D’où vient une légère insatisfaction envers un côté un rien mécanique, une efficacité parfaite mais sans lyrisme vraiment prenant, surtout pour la bouleversante Symphonie n°6 « Pathétique », de Tchaïkovski, laquelle ne convient peut-être pas à la sensibilité de l’Orchestre de Paris. Sans partition, une direction dans la lignée de celle de Daniel Barenboim – aîné qui le soutient d’ailleurs vigoureusement –, par sa fermeté et son caractère volontaire, avec le sentiment que le jeune chef ne veut pas laisser la part trop belle à l’émotion. Et dans Tchaïkovski, même s’il vaut mieux éviter les dégoulinades, elle est tout de même majeure !

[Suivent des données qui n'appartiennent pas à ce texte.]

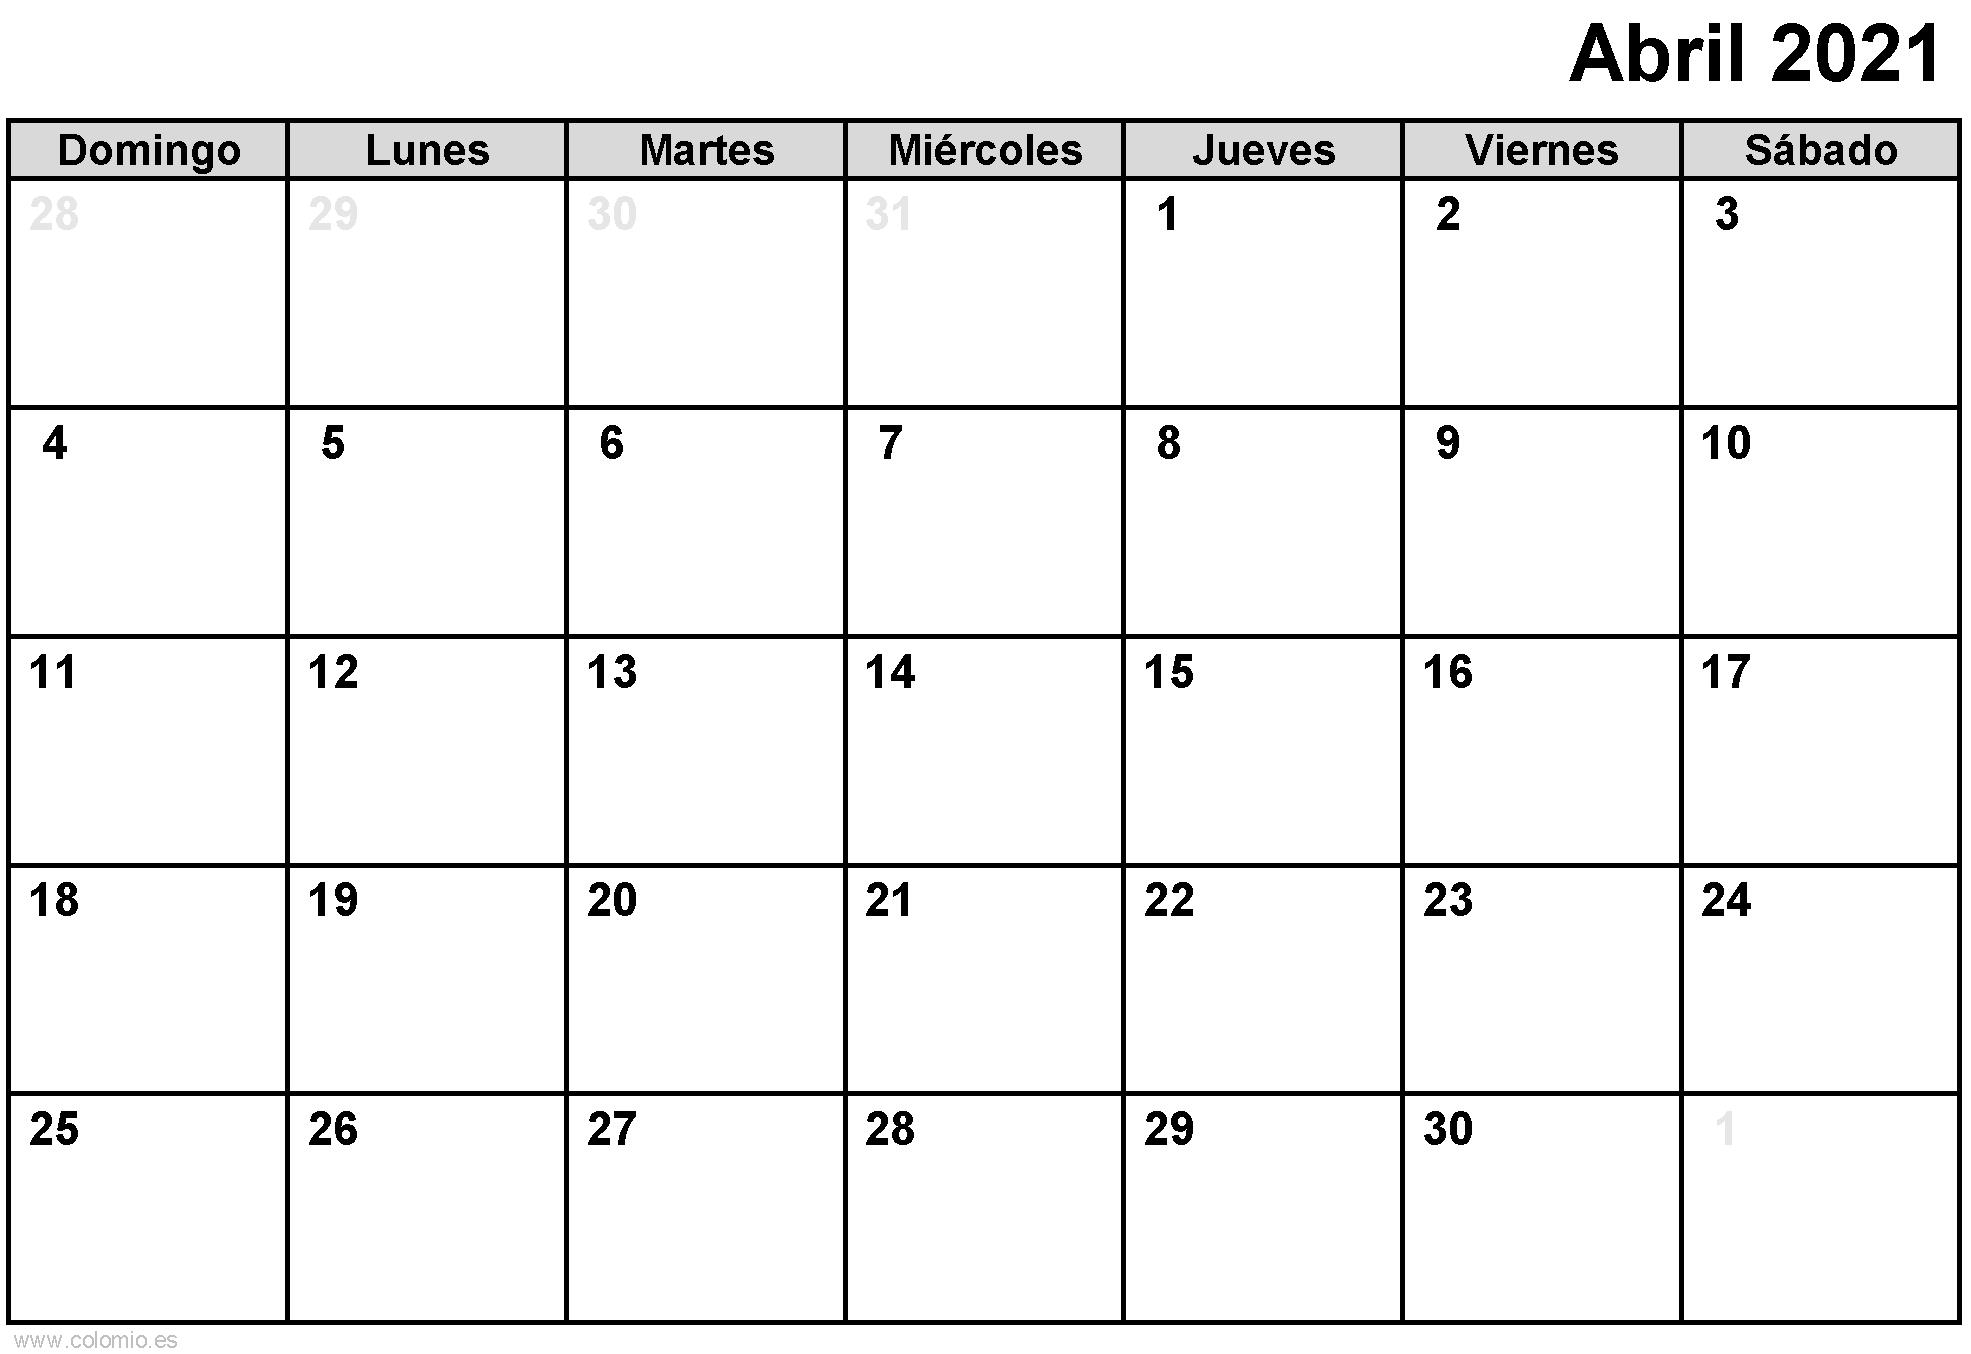 Calendario Abril 2021 para imprimir
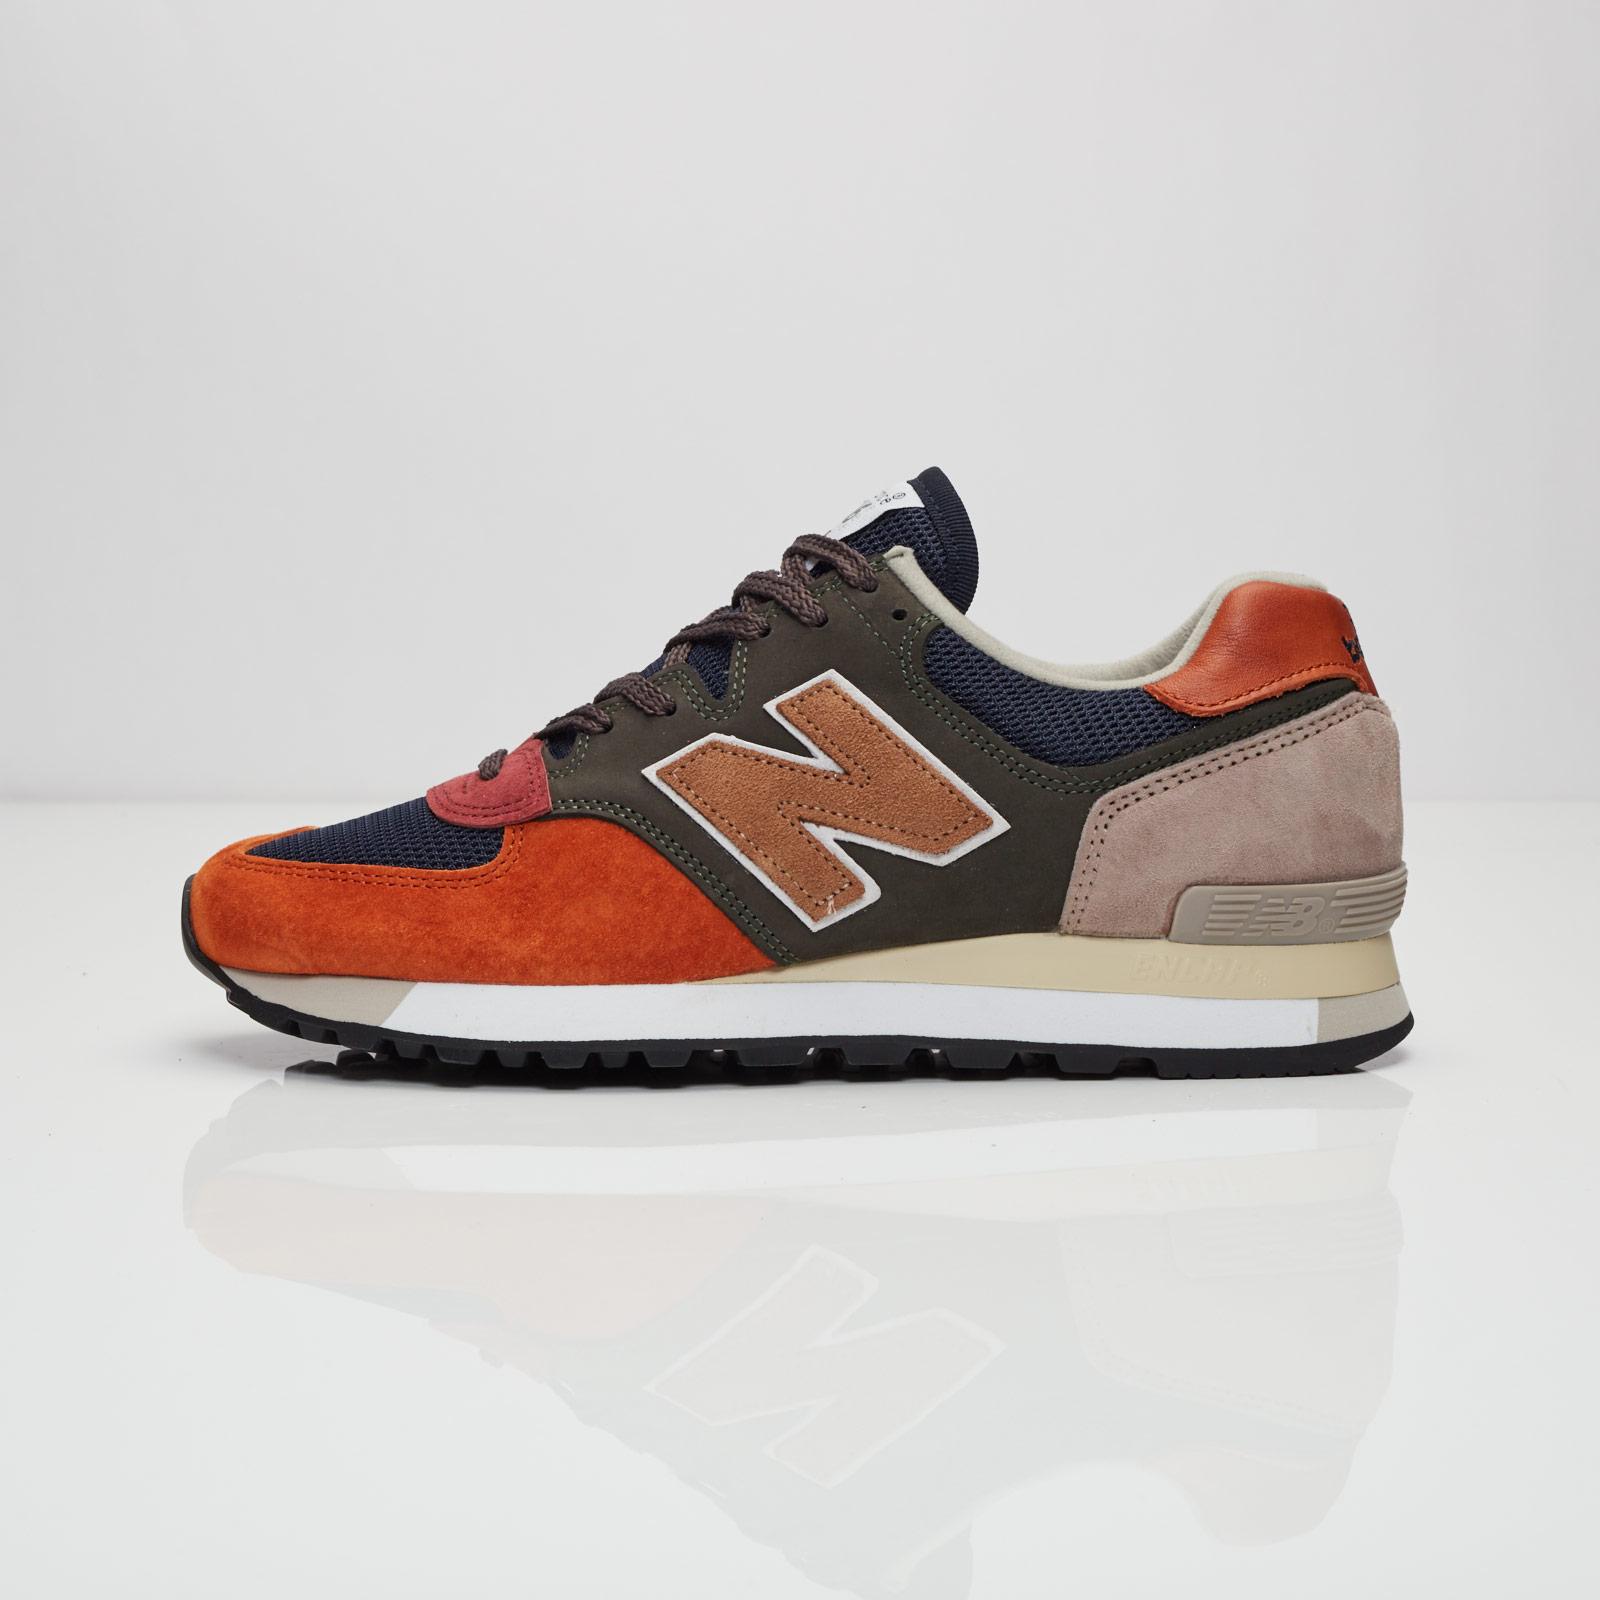 new balance m575

Même puissance frontale dans l’ouverture de Guerre et paix, de Prokofiev, martiale et sarcastique à souhait, avec des élans de lyrisme vite voilés. La clarté du propos était reine et l’équilibre des volumes impressionnant d’éloquence, magnifiée par l’engagement de l’Orchestre de Paris, pleinement en accord avec le chef.
Edgar Moreau © Julien Mignot
Programme russe, donc, mais dont la présence d’Edgar Moreau pour le Concerto pour violoncelle n° 1 de Chostakovitch, a fait dévier la perception. Le son du jeune prodige est toujours de velours, l’un des plus charnus, des plus tendres qui se puisse entendre et son style surprenant, surtout dans cette pièce écrite en 1959 et dédiée au plus grand fauve de l’histoire du violoncelle du XXe siècle, Mstislav Rostropovitch, qui la créa à Léningrad avec Evgueni Mravinski. Ses enregistrements ont popularisé les coups d’archet bizarrement interrogateurs sur lesquels s’ouvre l’œuvre, superbe cadeau pour le violoncelle qu’elle exploite avec tendresse, à l’évidence, plus que pour l’orchestre, pour lequel Chostakovitch a composé une musique répétitive plus séduisante que puissante.
Différemment de son grand devancier, Moreau, de sa patte tendre ou vive, introduisait une sorte d’humanité dans ce festival de couleurs fortes, tandis que Shani en amplifiait le caractère provoquant. Deux natures à l’évidence peu apparentées musicalement, en dépit de leur jeunesse et d’une évidente sympathie, mais dont le talent a électrisé la salle.
Jacqueline Thuilleux
Philharmonie de Paris, le 21 septembre 2017.